St Mark’s had never been richly endowed and always relied on the support of
parishioners and well wishers, as it does today. One such, Joseph Good, funded
the building of the spire and much of the chancel.
In 1908, St Mark’s had to find £1,200 to rebuild its drains and underpin
the west end of the church. Some of the money came from voluntary contributions
and some from a bazaar, opened by the Duchess of Albany. After Duckworth’s
death in 1911, funds were raised to build the present baptistery in his memory.
Money was raised to later, under Magee’s successor’s, to electrify the
church in 1925, for £340, and make other improvements, as congregations slowly
rebuilt in the inter-war years. Magee’s successor, Percieval Gough, inherited
debts of £800 and an annual stipend which had fallen to £300. Vigorous
fund-raising through bazaars and other means became the order of the day.
John Newsham Taylor, who took over from Gough in 1933, decided to economise
further by disposing of the old vicarage at 5 Abbey Road. He moved into a
smaller house in Clifton Hill. A lawyer, as well as a cleric, he went back to
the bar in 1933 before rejoining the church in the Midlands, where he died
suddenly while taking a service in 1941.
Arthur Morris, who succeeded Taylor, was popular, both as preacher and
pastoral minister, but as ever, had to devote much of his energy to repairs and
renovations. Finding Clifton Hill too small, ha and his family moved to a
vicarage in Abercorn Place, but the lease expired in the year war broke out in
1939. It was decided to build a new vicarage beside the church and the Morrises
moved in to today’s building in 1943.
The Second World War brought its own dramas to St Mark’s. In October 1941,
a bomb fell over the road and the force of the blast was such that the spire had
to be taken down. St Mark’s congregation was given temporary refuge for
services in the Abbey Road Baptist Church and the Presbyterian Church in
Marlborough Place.
When usable, St Mark’s was often fuller during the war than for decades.
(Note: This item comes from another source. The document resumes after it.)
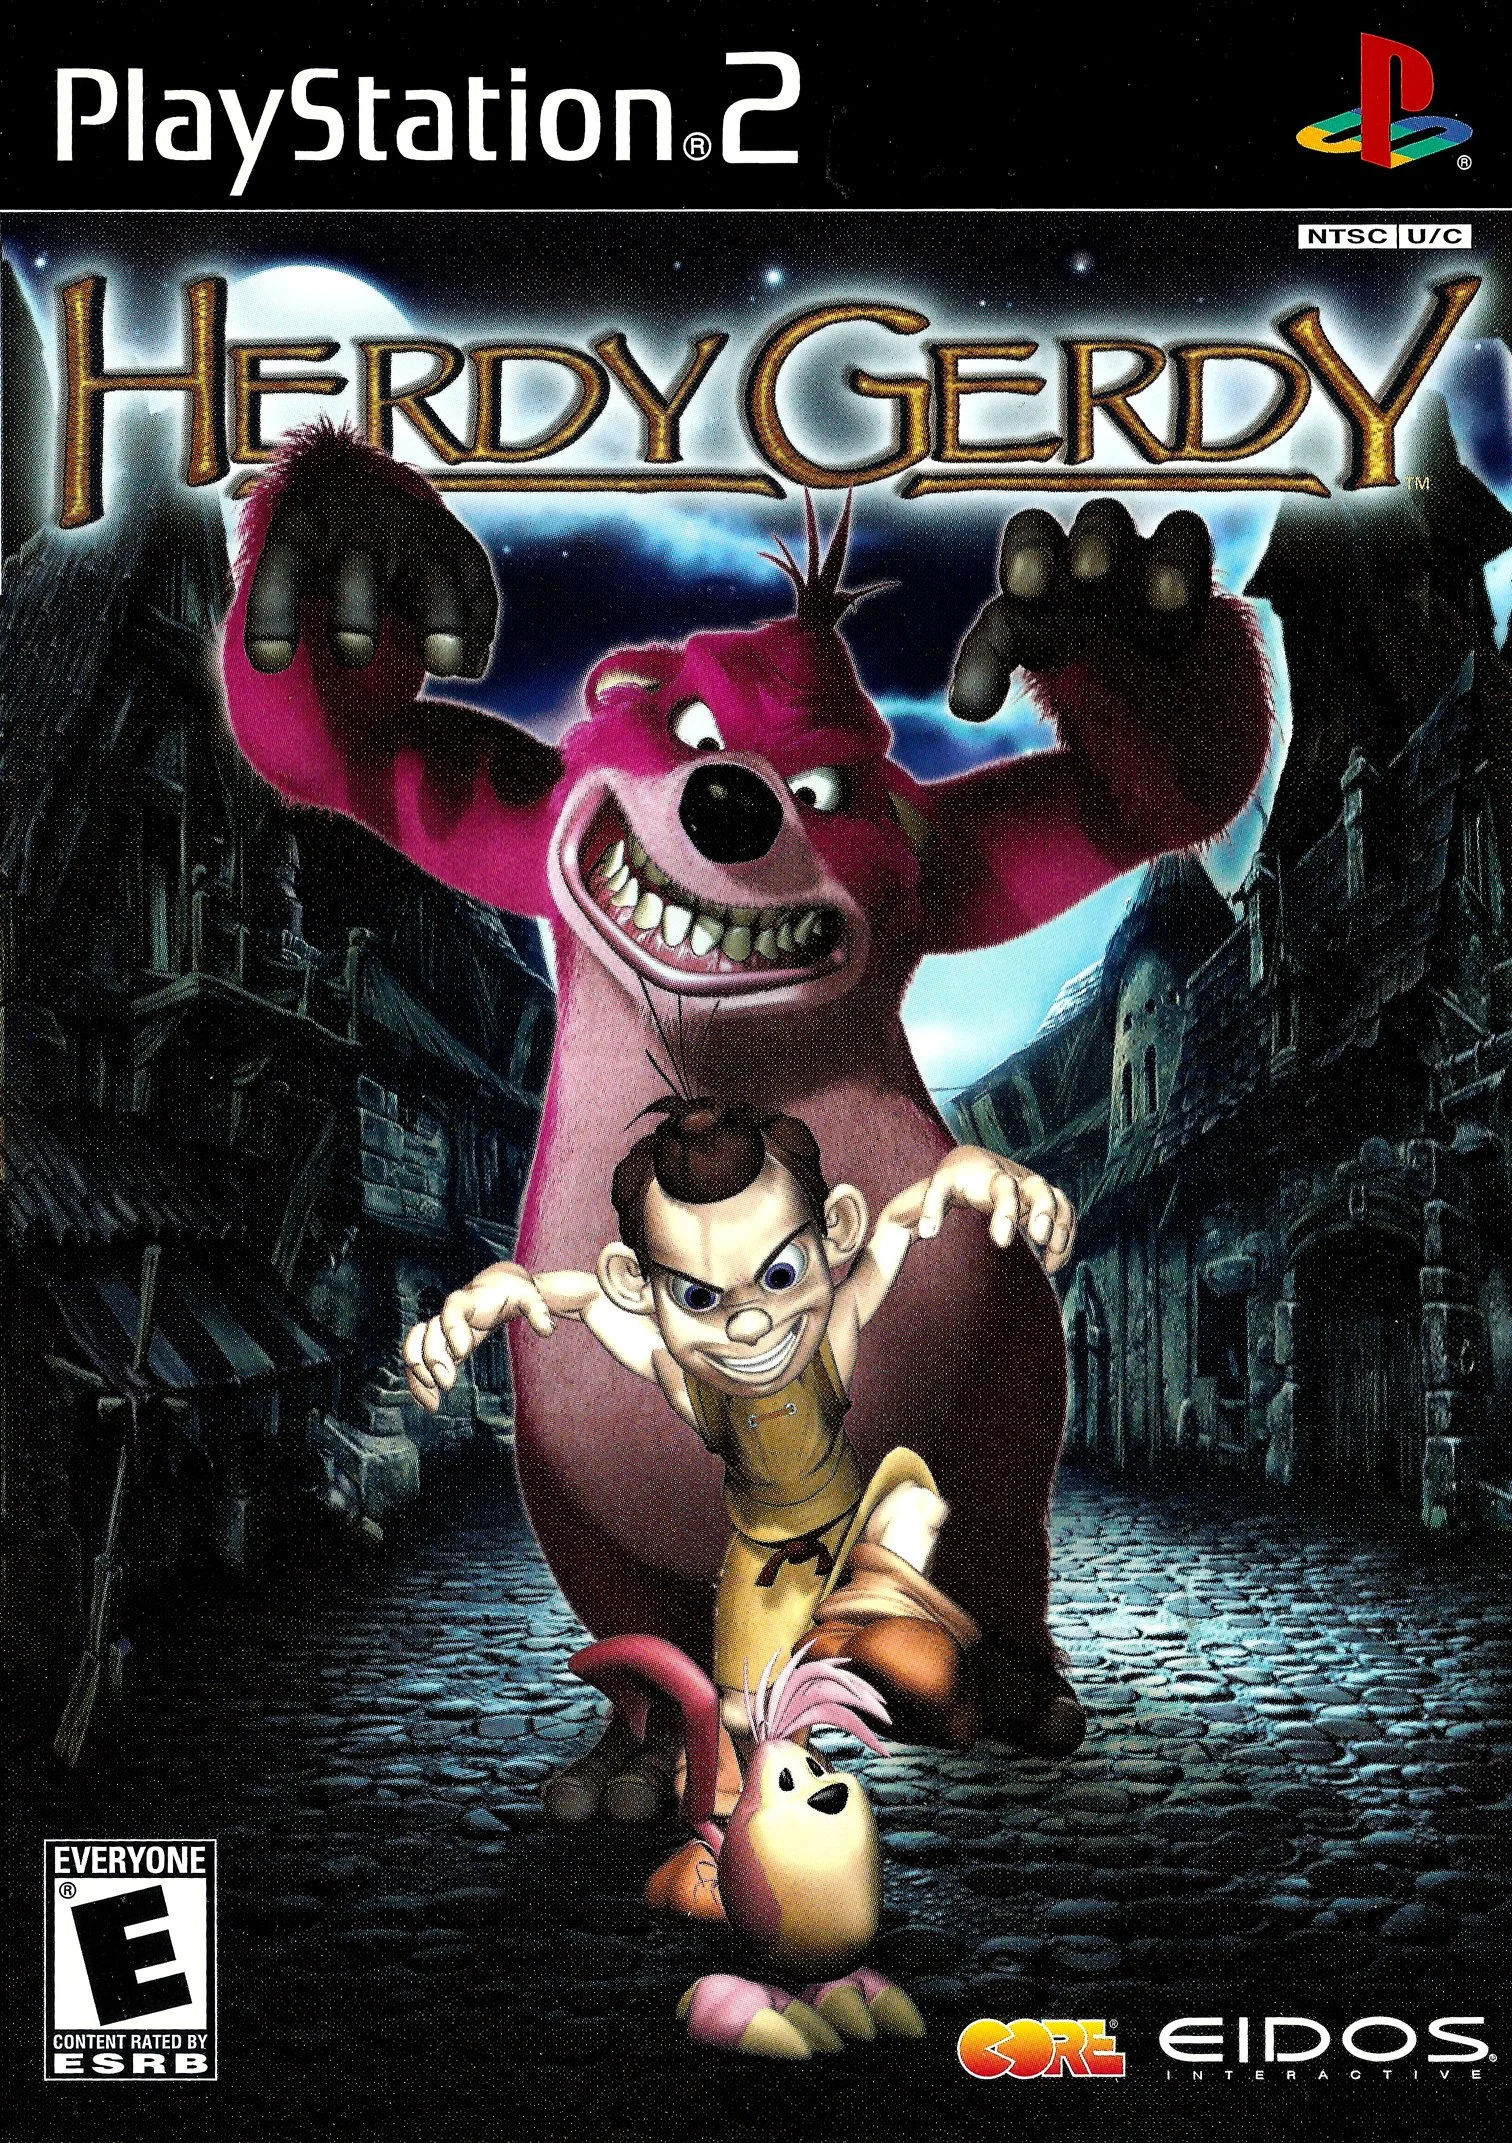 Herdy Gerdy
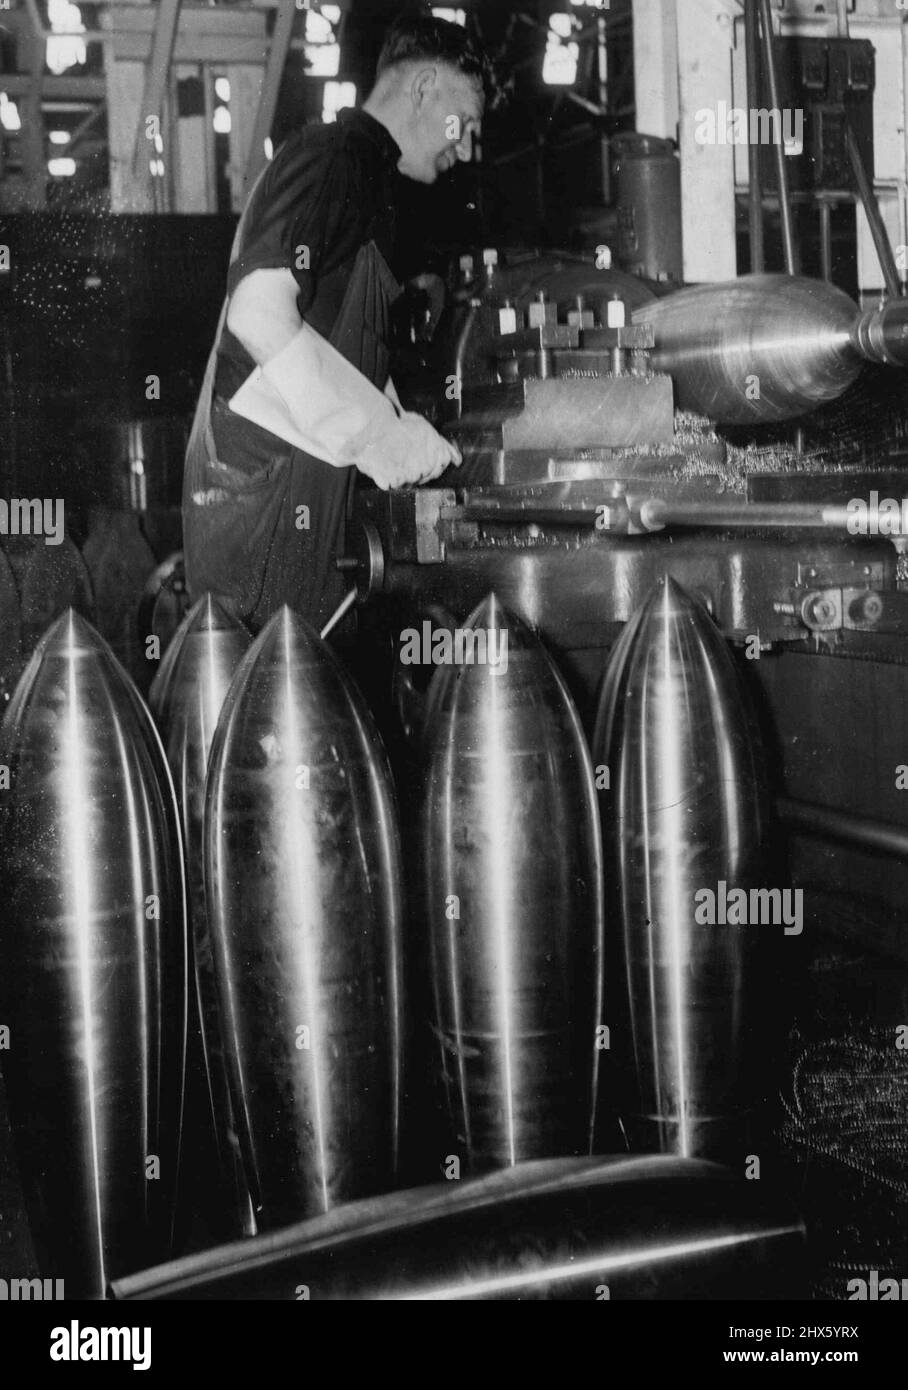 Panzerbrechende Bomben werden jetzt in einer Waffenfabrik der Regierung irgendwo in Australien in voller Produktion produziert. Hier ist ein Bild, das in einem Teil der Fabrik aufgenommen wurde, wo die 250-Pfünder auf einer Drehbank fertig gestellt werden. 22. Februar 1943.;Panzerdurchbohrende Bomben sind jetzt in einer Regierungsfabrikate irgendwo in Australien in voller Produktion. Hier ist ein Bild, das in einem Teil der Fabrik aufgenommen wurde, wo die 250-Pfünder auf einer Drehbank fertig gestellt werden. Stockfoto

The district was a collecting centre for the RAF, which held church parades in
St Mark’s. In 1944 the church was narrowly missed by a flying bomb, which
shattered much of the glass. Morris, who had rejected offers of preferment
during the war, left afterwards and later became the Bishop of St Edmundsbury and
Ipswich.
Joseph Hobling, assistant priest at St Mark’s in 1939, had been called up
as an army chaplain and captured by the Germans. Staying with the other ranks in
prison camp, he organised entertainments and even took confirmation classes.
Late in the war, some American bombers mistook the camp for a German training
centre and bombed it, wounding Hobling fatally in the head.
Morris’s successor, William Wilson, was inducted in 1947. It was during his
term that the spire was rebuilt, in 1955, and St Mark’s issued its first
appeal for a community hall with a pamphlet, ‘The People Next Door Need Your
Help’.
In 1965, St Mark’s was the venue for the launching of the St John’s Wood
Preservation Society, under the presidency of Lord Ampthill, to oppose the
encroachments of property developers. That same year, Barrington Wainwright
replaced Wilson as vicar. Donald Aird took over from Wainwright in 1979 and left
us in 1995, after a ministry which is still warm in our hearts. John Barrie, our
new incumbent, is the 13th at St Mark’s and he and his wife Rosy have all our
support in facing new challenges in the future.